Here is the code for a topological sort.
Let's consider it a step at a time.

bool topologicalSort (const DiGraph& g, list<Vertex>& sorted)
{
  // Step 1: get the indegrees of all vertices. Place vertices with
  // indegree 0 into a queue.
  hash_map<Vertex, unsigned, VertexHash> inDegree;
  queue<list<Vertex> > q;
  for (AllVertices v = g.vbegin(); v != g.vend(); ++v)
    {
      unsigned indeg = g.indegree(*v);
      inDegree[*v] = indeg;
      if (indeg == 0) 
        q.push(*v);  
    }

In step 1, we get the indegrees of all the vertices, putting them into a map whose key type is Vertex and whose associated data isunsigned. I've chosen to use a hash_map for this code. hash_map is a hash-table implementation of the standard map interface.hash_map isn't actually part of the standard library, but it is a commonly available addition. If I wanted to stay entirely within the standard library, I could just use map, but at the cost of somewhat slower access. Alternatively, I could (and have, in the past) implemented a vector-based implementation of the map interface that simply uses the Vertex::id() function to index into the vector, which would give me true O(1) access time.
As we do this, we also add any vertices whose indegree is zero into a queue, q.

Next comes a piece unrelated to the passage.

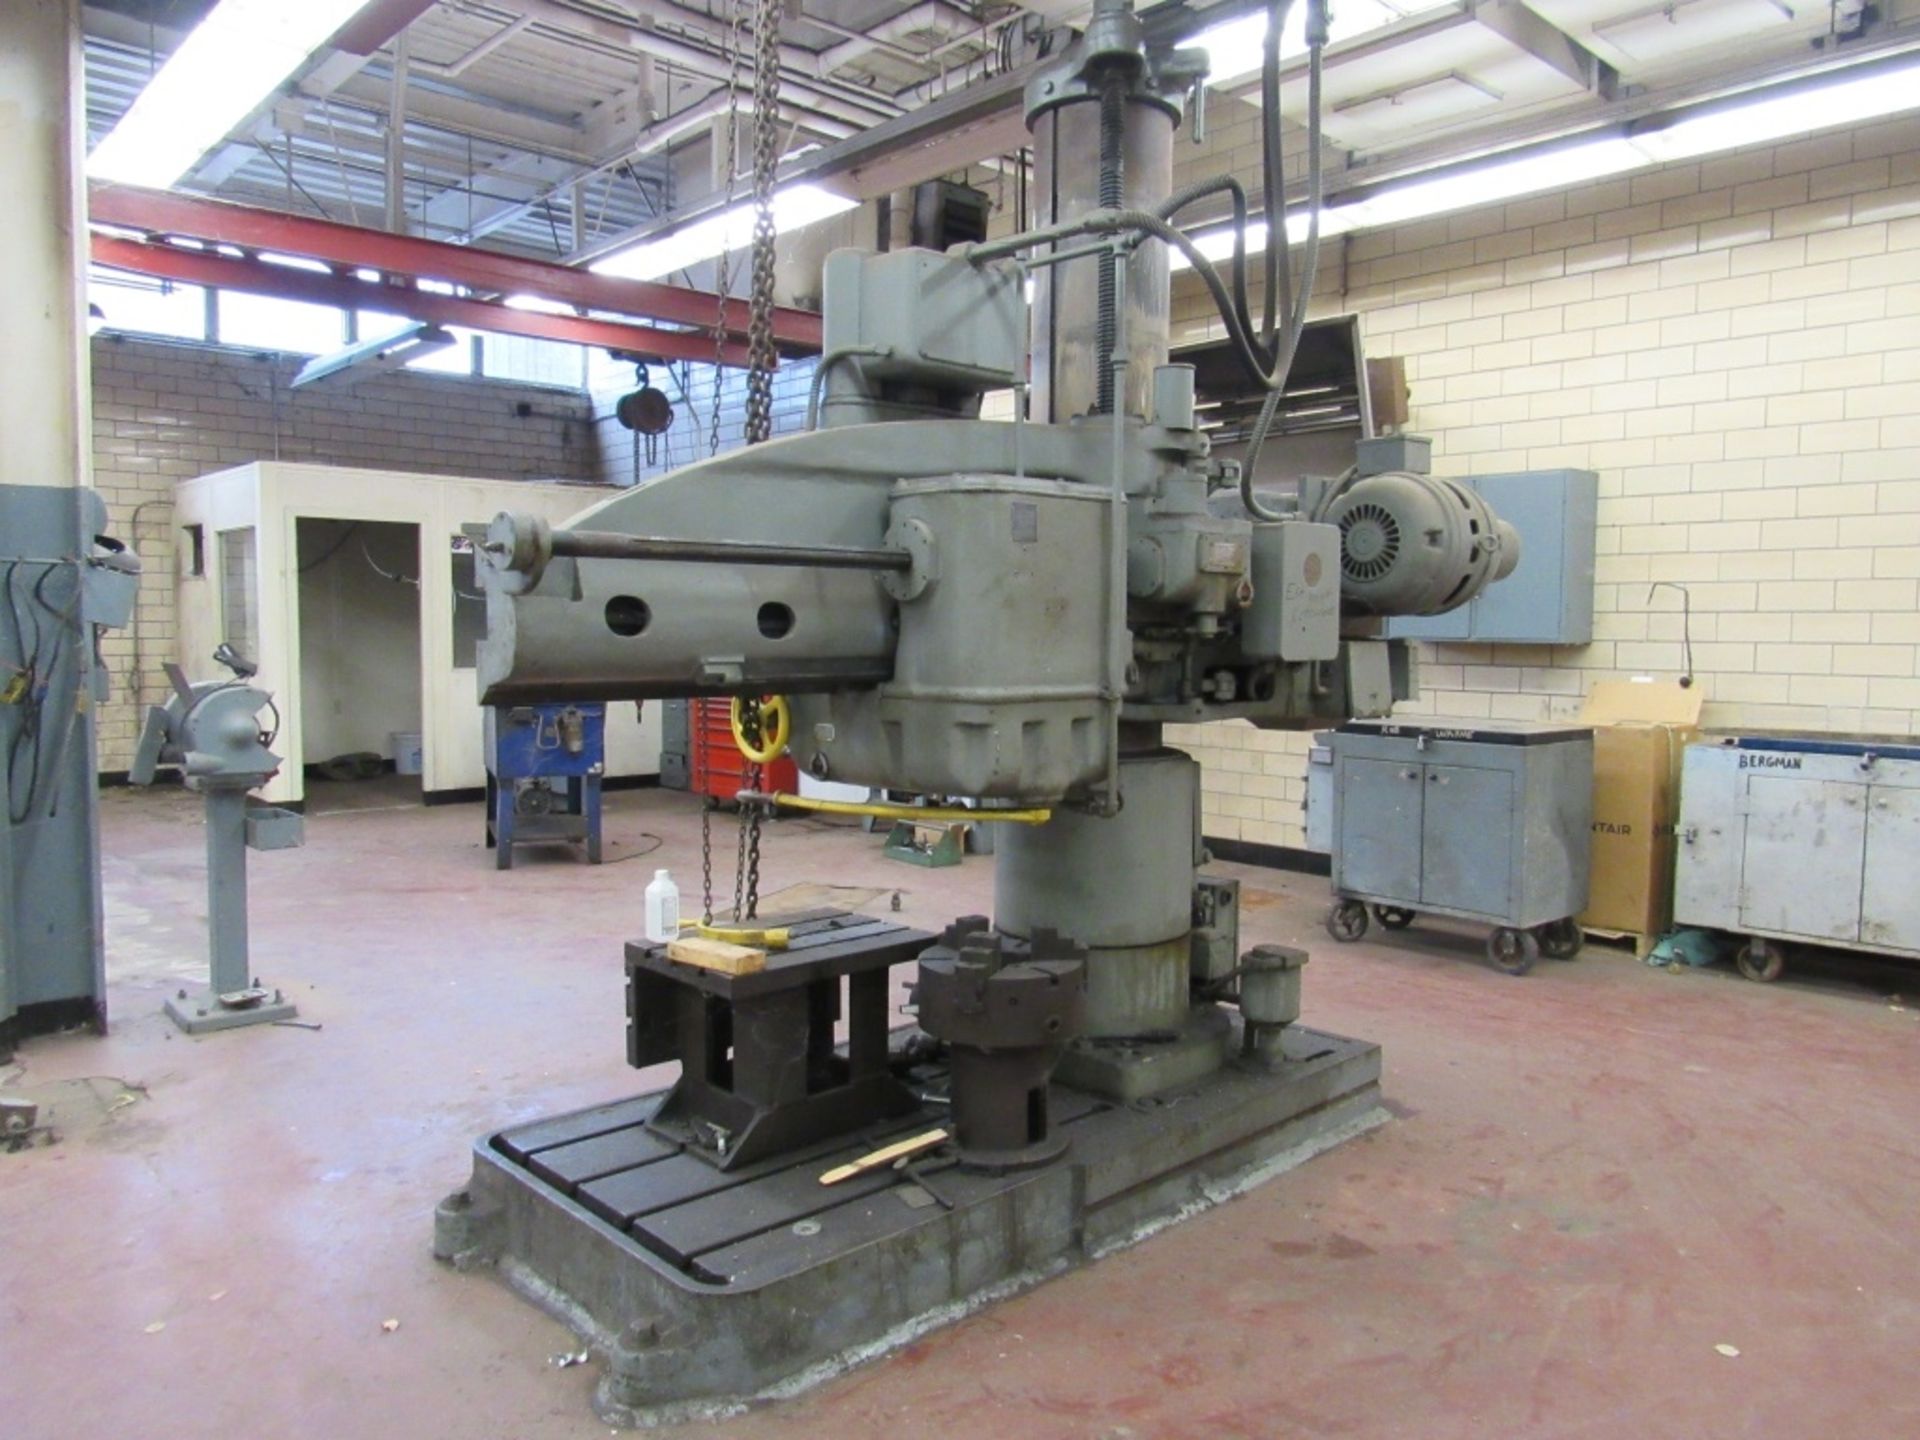 Carlton Radial Arm Drill- Model - Unmarked Serial - Unmarked Rigging Fee - $750.00 4' Arm 15" Col - Image 3 of 25
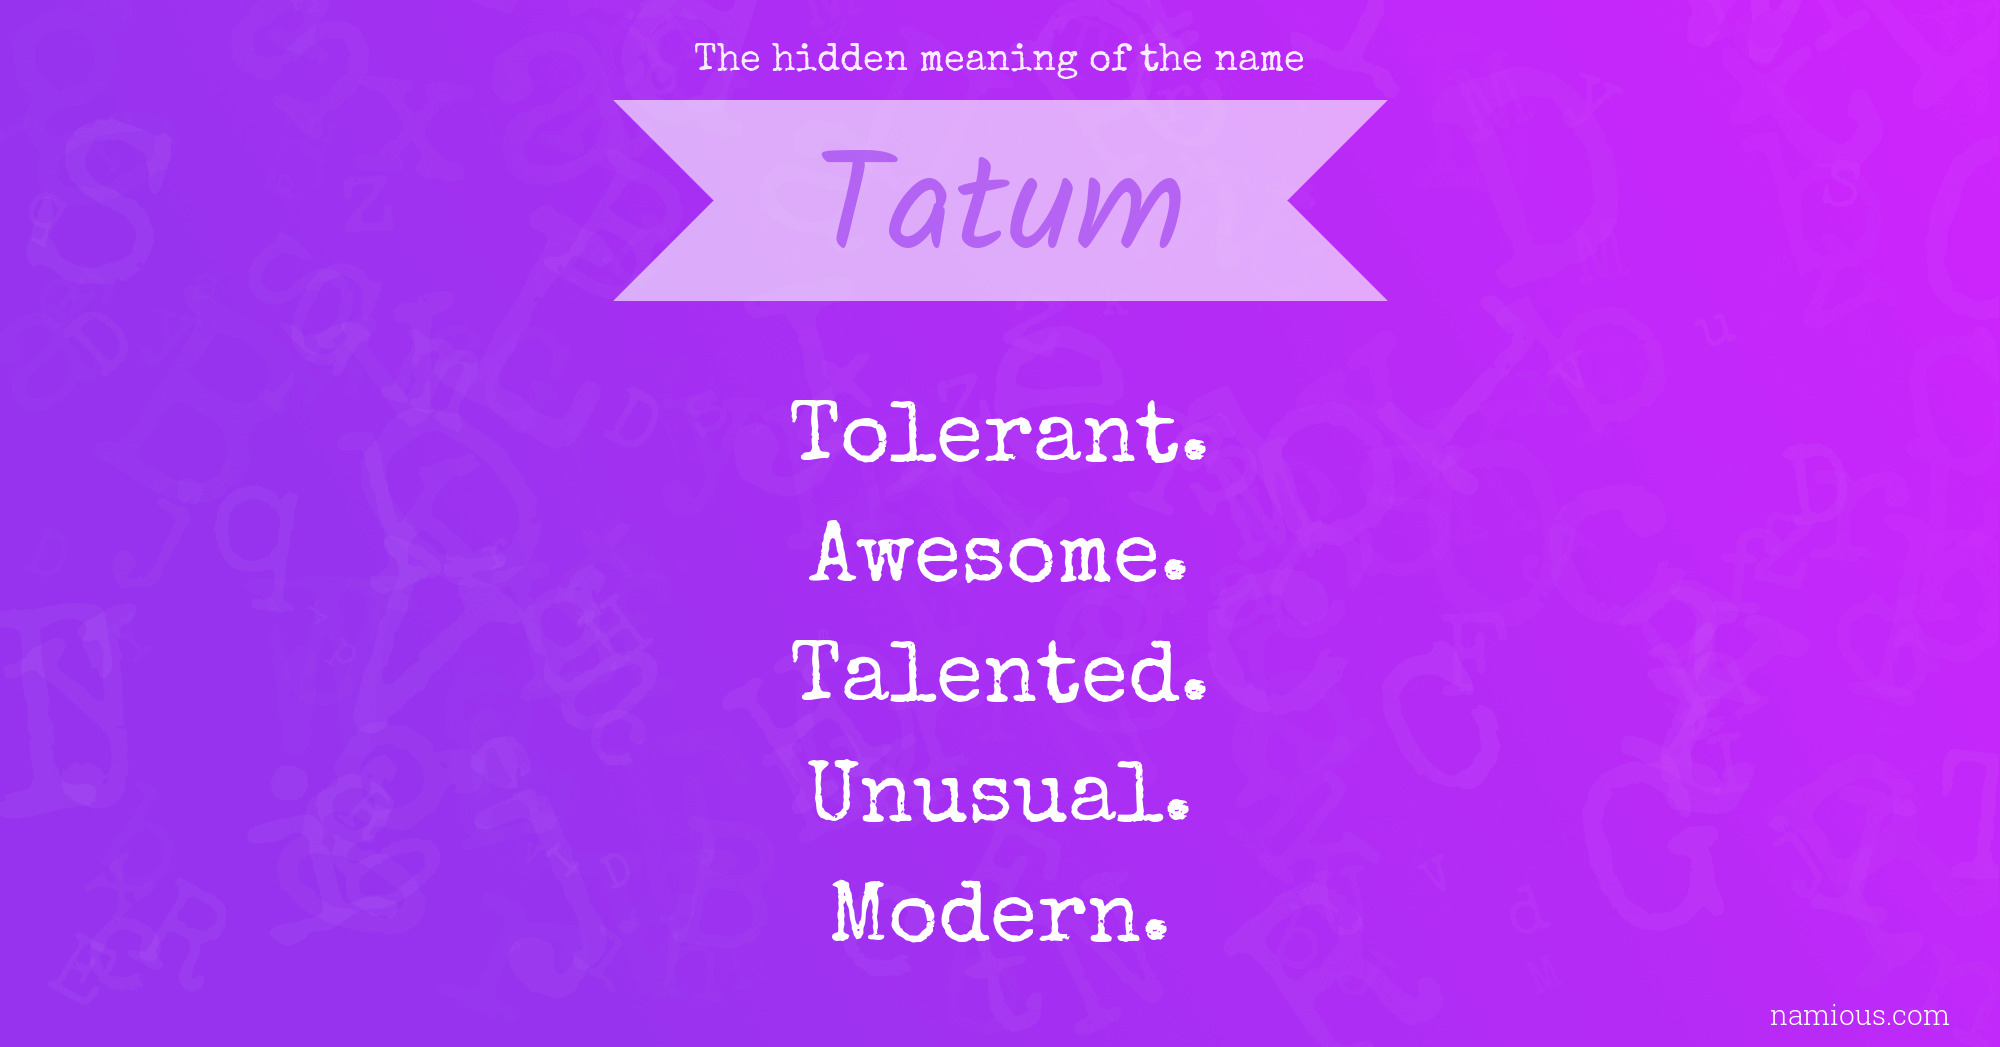 The hidden meaning of the name Tatum

// Step 2. Take vertices from the q, one at a time, and add to sorted.
  // As we do, pretend that we have deleted these vertices from the graph,
  // decreasing the indegree of all adjacent nodes. If any nodes attain an
  // indegree of 0 because of this, add them to the queue.
  while (!q.empty())
    {
      Vertex v = q.front();
      q.pop();

      sorted.push_back(v);

      for (AllOutgoingEdges e = g.outbegin(v); e != g.outend(v); ++e)
        {
          Vertex adjacent = (*e).dest();
          inDegree[adjacent] = inDegree[adjacent] - 1; 
          if (inDegree[adjacent] == 0)
            q.push (adjacent);        
        }
    }

In step 2, we repeatedly remove vertices from the queue and add them to the sorted list output, sorted. We can do this because we know that there is nothing in the graph that needs to come before these vertices.
We then look at the outgoing edges of each vertex, and reduce the inDegree values of the neighboring vertices to simulate having removed v from the graph. If doing this causes any of their (simulated) indegrees to become zero, we add them to the queue, because we know that there is nothing remaining in the graph that needs to come before these vertices.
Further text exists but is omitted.